Construction details will follow in a later post, but the way this has been constructed is to take a regular Hex Bug spider and remove the carapace containing the battery cover and battery box. The three securing screws are then used to mount some prototyping board onto the body of the hex bug. Two of these white plastic bits can be seen in the picture attaching the board to the green plastic case. The first board contains a Lithium Ion camera battery (3.7v 950mAH). On top of that is a thin black plastic rectangle secured using four 2mm bolts at the corners of the battery board. Onto this is mounted two further prototype boards containing the H-Bridge driver (lower) and XBee board (upper). The upper board has a further daughter board attached to take the XBee module which sits at the very top along with the red and green LEDs. The blinking red LED shows that the network is connected while the green LED indicates received packets. The main reason for having the XBee plugged in to this adapter is to convert the 2mm spacing pins of the XBee to the 0.1 inch holes of the prototype board. The XBee adapter is actually plugged in to a chip holder that is mounted on the top board. Ideally I would have re-used the motor driver electronics of the existing Hex Bug controller, but it turned out to be too fiddly to modify, so it was easier just to construct new circuitry. This is only a prototype, but using a double-sided PCB it would be quite easy to mount everything onto a single board that would sit neatly above the battery.

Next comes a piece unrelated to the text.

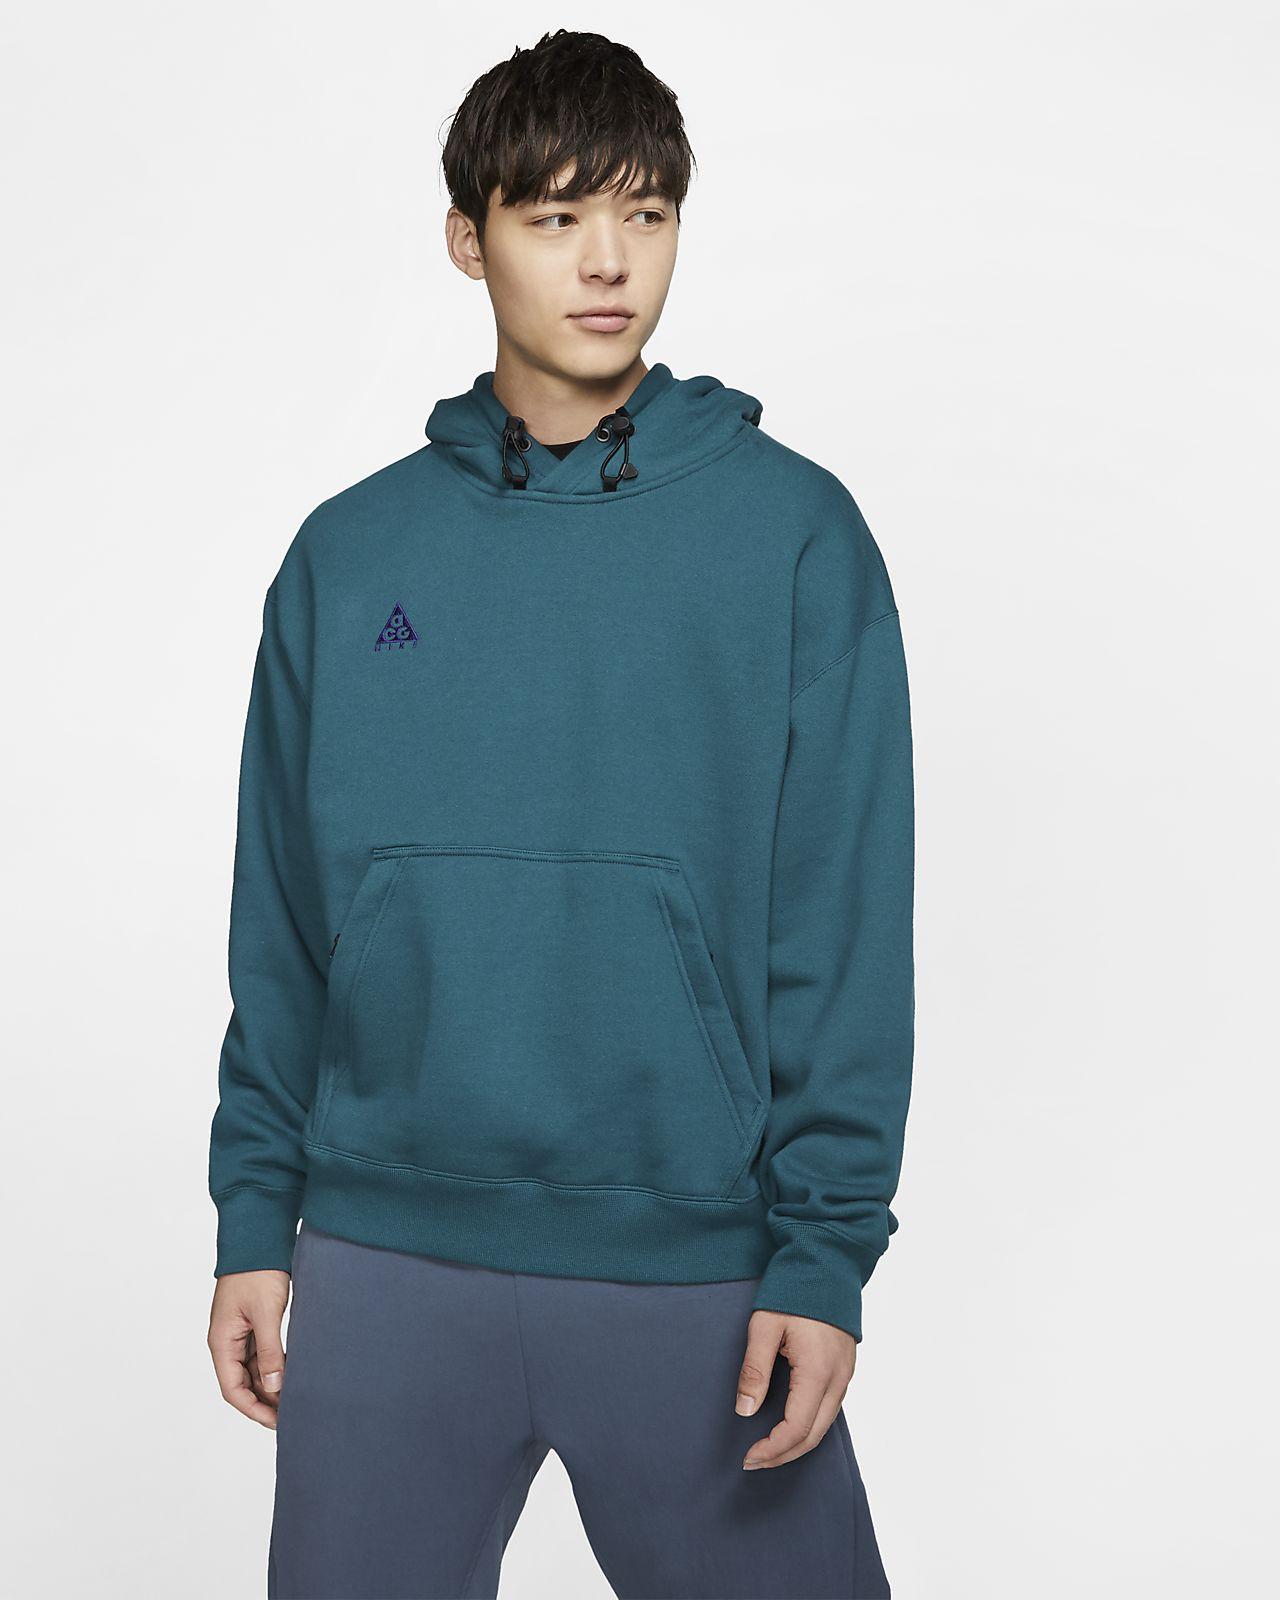 Bluza z kapturem Nike ACG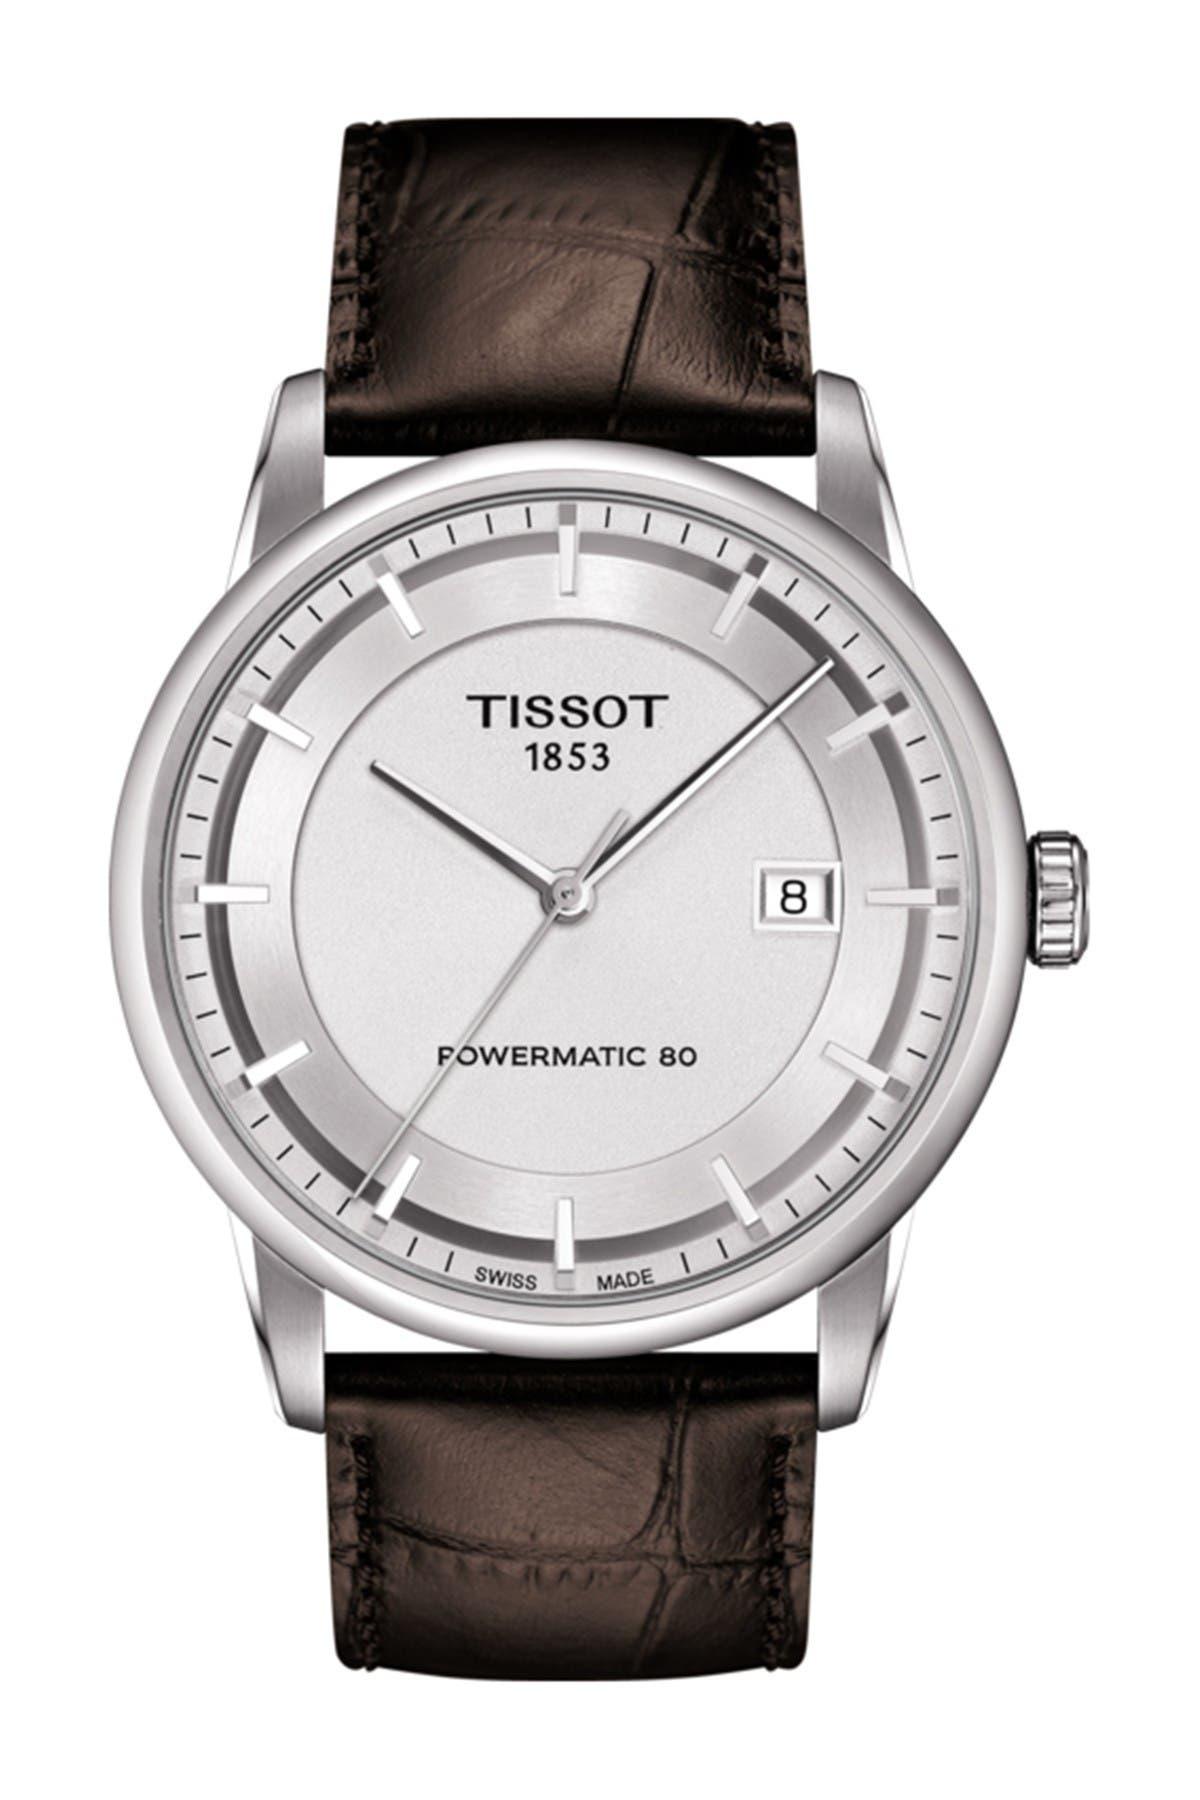 Image of Tissot Men's Luxury Powermatic 80 Croc Embossed Men's Leather Strap Watch, 41mm

In terms of software, the controller is built using Java and the XBee API that can be downloaded from Google Code: http://code.google.com/p/xbee-api/

The coordinator XBee connects to the laptop via a USB cable and is plugged in to an XBee serial adapter. This runs in API mode (escaped) while the router XBee on the spider is in AT mode. Both use the Series 2 firmware with the coordinator sending commands to the spider using Remote AT command packets (which are only available in API mode).

Now that this is running, we have the potential to run more than two spiders at once so we can build a more complex agent simulation. With the code all using Java, there is the potential to link this to NetLogo, but the missing link is the vision software which I’m still working on.